Primitive elvish
kay
root. lie, lie, [ᴹ√] lie down; [ᴱ√] rest, dwell
Derivatives
- Ad. khay- “to lie (down)”
- ✶kainu- “to lie down” ✧ PE22/136
- ᴺQ. cainu- “to lie down, *bend down; [with locative] to endure, suffer (from)”
- ✶kaita- “to lie, be on the ground” ✧ PE22/136
- Q. caita- “to lie (down)”
- Aq. caia- “[unglossed]”
- Q. cairë “[unglossed]” ✧ PE17/101
- Q. caita- “to lie (down)” ✧ PE17/072; PE22/156
- Q. caita- “to lay (transitive), to lay (transitive); [ᴱQ.] to place, lie down”
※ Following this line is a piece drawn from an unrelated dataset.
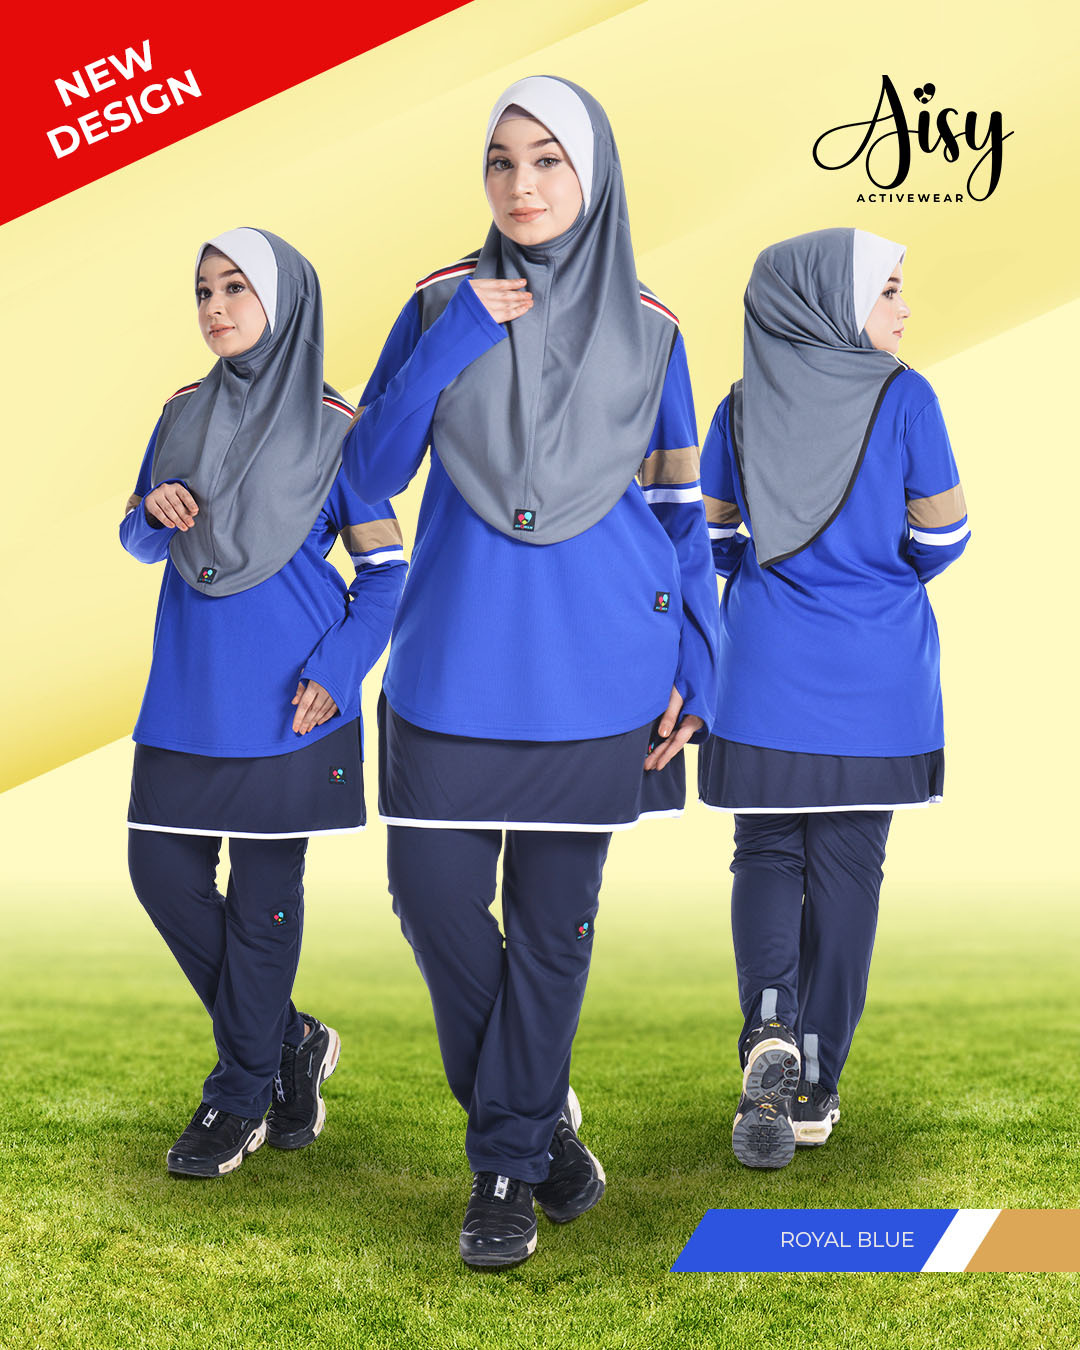 Katalog Aisy Activewear A(3) Royal Blue

- Q. cëa “*hedge” ✧ PE17/101
- ᴺS. caeda- “to lie; to lay (down)”
- S. caer “*flat isle on a river, [N.] flat isle on a river” ✧ PE17/101
- S. cai “hedge” ✧ PE17/101
Element in
- ᴺS. osgaef “surroundings, environs, milieu”
Variations
- KAYA ✧ PE17/101
- KAJ ✧ PE22/136
kait-a
verb. lie, be on the ground
Tolkien used this root for “lie (down)” for most of his life. It appeared as ᴱ√KAYA “lie, rest; dwell” in the Qenya Lexicon of the 1910s (QL/46), but in that document there was another root ᴱ√KAMA “lie down”, with the derivative ᴱQ. kama- “to lie down” (QL/44). There is no sign of ᴱ√KAMA¹ being used this way after the 1910s, and in the 1920s Early Qenya Grammar, the verb for “lie down” was kaita- (PE14/58), which in the Qenya Lexicon of the 1910s had the transitive sense “to place” (QL/44).
The root ᴹ√KAY “lie down” reappeared in The Etymologies of the 1930s (Ety/KAY), and it appeared again in the Quenya Verbal System of the 1940s as the basis for the verb ᴹQ. kaita- “to lie (down)” (PE22/126). The root and associated Quenya verb continued to appear in Tolkien’s later writings all the way up through the late 1960s, always with the sense “lie” (PE17/72; PE22/156).